Frequent voltage fluctuations in the network negatively affect transistors. A continuity test will show the failure of the components.
Check the ballast after repair only with the load connected, as no-load operation will quickly lead to failure.
How to check the choke
Faulty Throttle is usually expressed by the humming of the lamp, darkening of the edges of the bulb, overheating, strong flickering during operation. If any of these signs are present, the resistance element should be checked.
Checking includes steps:
- The starter is removed from the light fixture.
- The contacts in the cartridge are short-circuited.
- The bulb is pulled out of the slot, the contacts in the cartridges are short-circuited.
- The multimeter is switched on in the resistance measurement mode.
- The probes are connected to the contacts in the lamp holder.
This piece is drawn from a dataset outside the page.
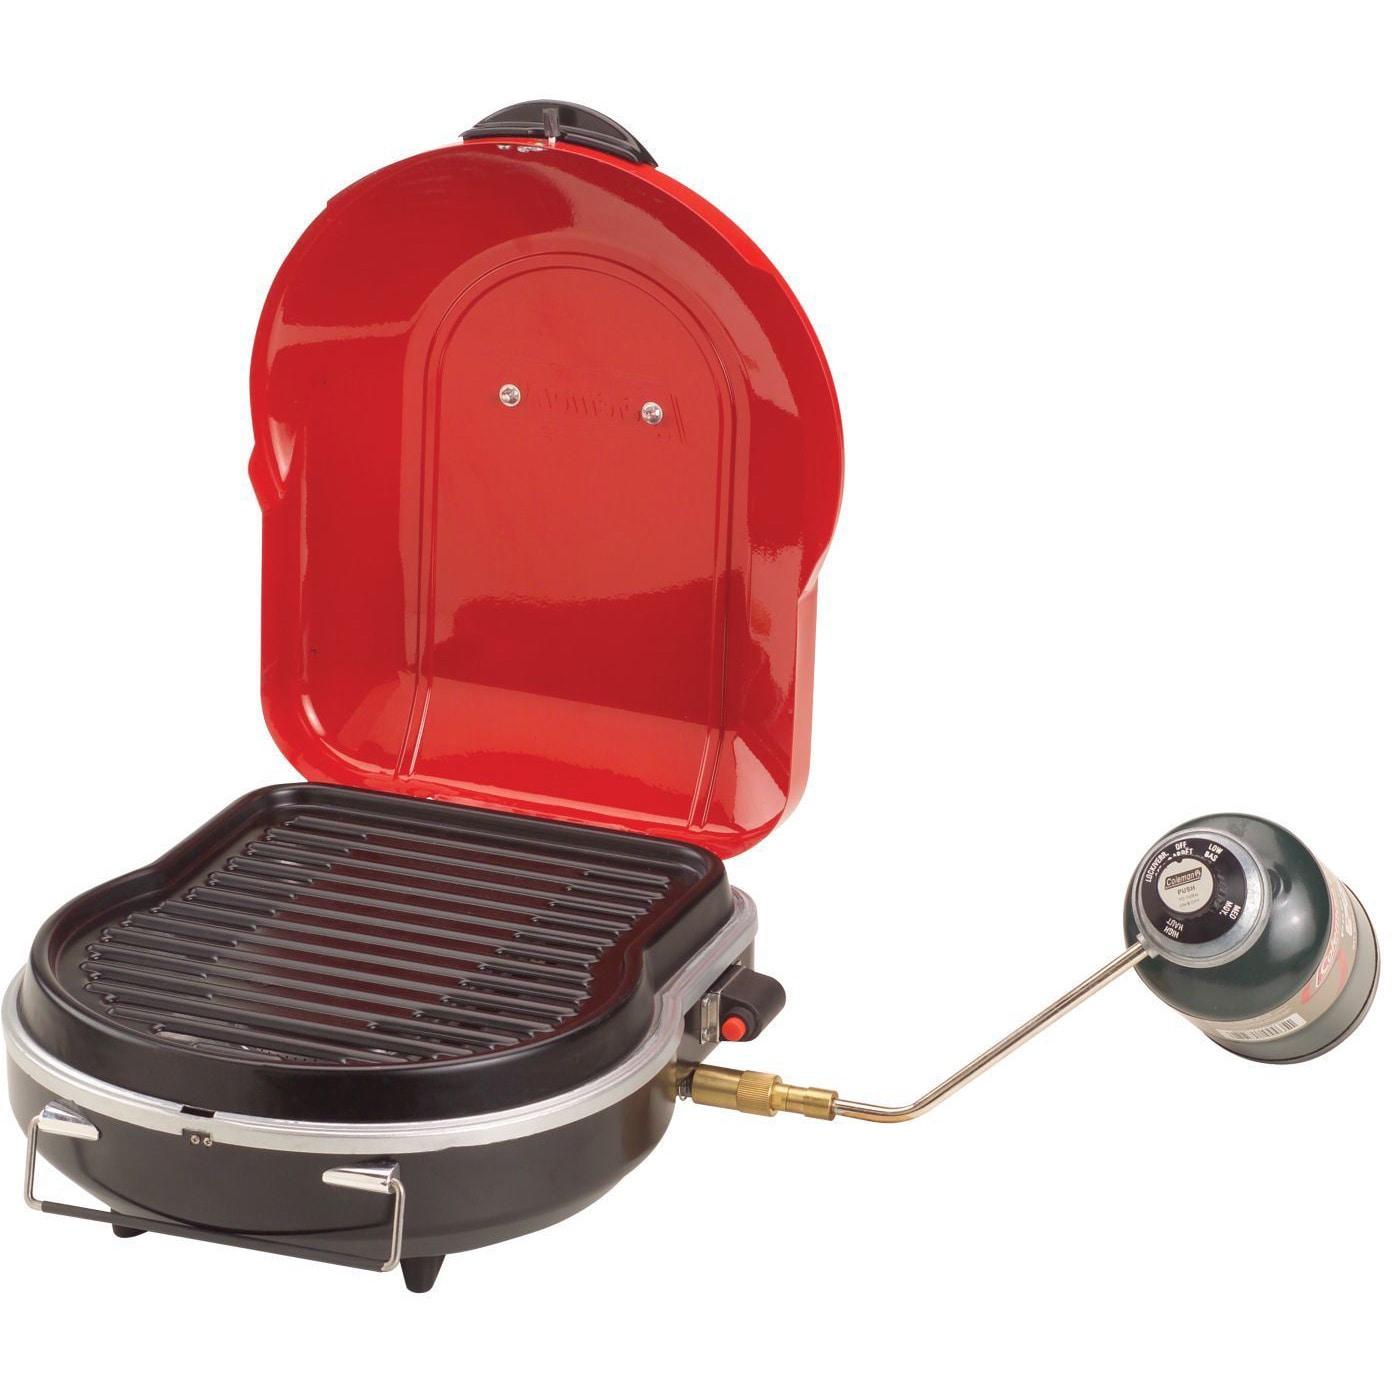 Coleman Fold-N-Go Propane Grill 1 Burner (Red)
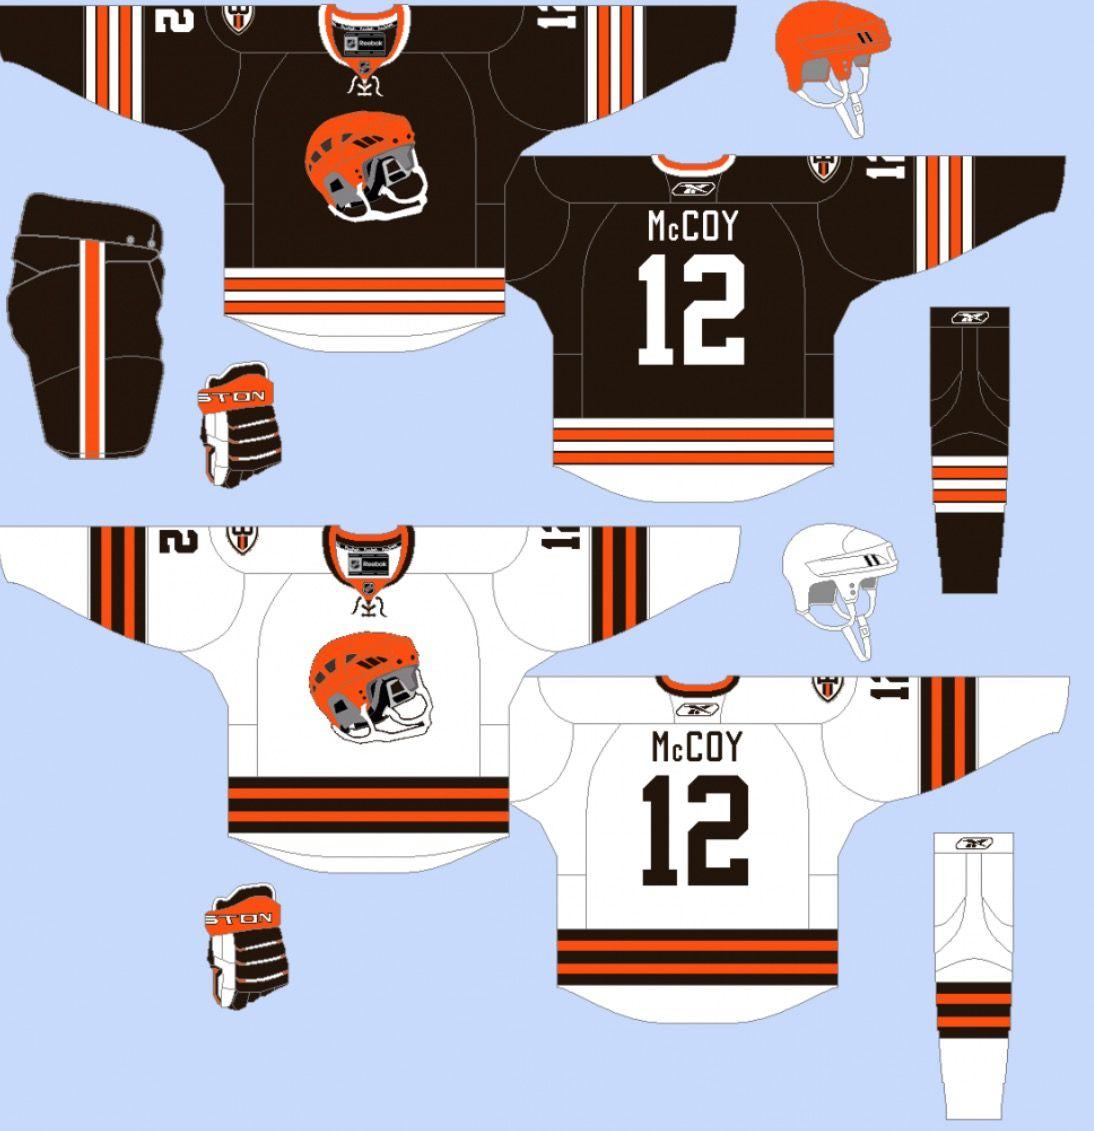 timeless design 1ec6e 08cad Cleveland Browns hockey sweater concept | Sport logos and ...

Endless resistance indicates a broken winding, a low value in the area of zero indicates an inter-turn short circuit.
Often the burnout of the choke is accompanied by the smell of burned metal and dark stains on the body of the stabilizer.
How to check the starter
If the light flickers, but does not light up fully, it is necessary to check the starter. The test can only be done by connecting the 60W light bulb and the starter in series to the mains.
How to check capacitor capacity with a tester
A capacitor problem can have a significant impact on the entire system, reducing the efficiency from 90% to 40%. The capacitor is matched to the wattage of the particular lamp. For example, for 40 W, a capacitor with a capacity of 4.5 μF is optimal.
Check the capacitance with a multimeter or a tester.
Checking with a multimeter
A multimeter is a very useful tool for effectively testing lamp components. Set it to the minimum range of a continuity or resistance measurement mode.
If a specific value appears on the multimeter display when you connect the probes to the bulb pins, the lamp is fine. Lack of signals indicates a broken filament. Checking the other nodes is carried out in the same way. It is only necessary to familiarize in advance with the nominal values of resistances on the contacts and test them. Even the smallest deviation can cause a breakdown.
How to turn on a fluorescent lamp without a choke
Fluorescent light bulbs lamps can in some cases be switched in a circuit without a starter and without a choke. And it works even for failed devices, the brightness of which has become much lower than the nominal.
You can increase the brightness by replacing the contacts and turning the lamp in the socket. In this case the power is supplied as a constant voltage from a special source. Usually a double half-period rectifier with the possibility of doubling the voltage is used. All elements in the circuit should preferably be chosen with an operating voltage of about 900 V, since this is the voltage that is formed during startup.
Wiring diagram for blown lamps
Wiring diagram of a burned out bulb is shown in the picture below. The voltage passing through the circuit is rectified by capacitors and its value is increased by a doubling circuit.
Disposal
Fluorescent lamps contain mercury vapor, which is extremely harmful to humans and the environment. Therefore, simply throwing away fluorescent lamps is prohibited, as large quantities of such items in a landfill can cause negative consequences.
The disposal of is provided by special companies, which with the help of special equipment recycle lamps, capture harmful vapors, and use the raw material to create new lighting devices.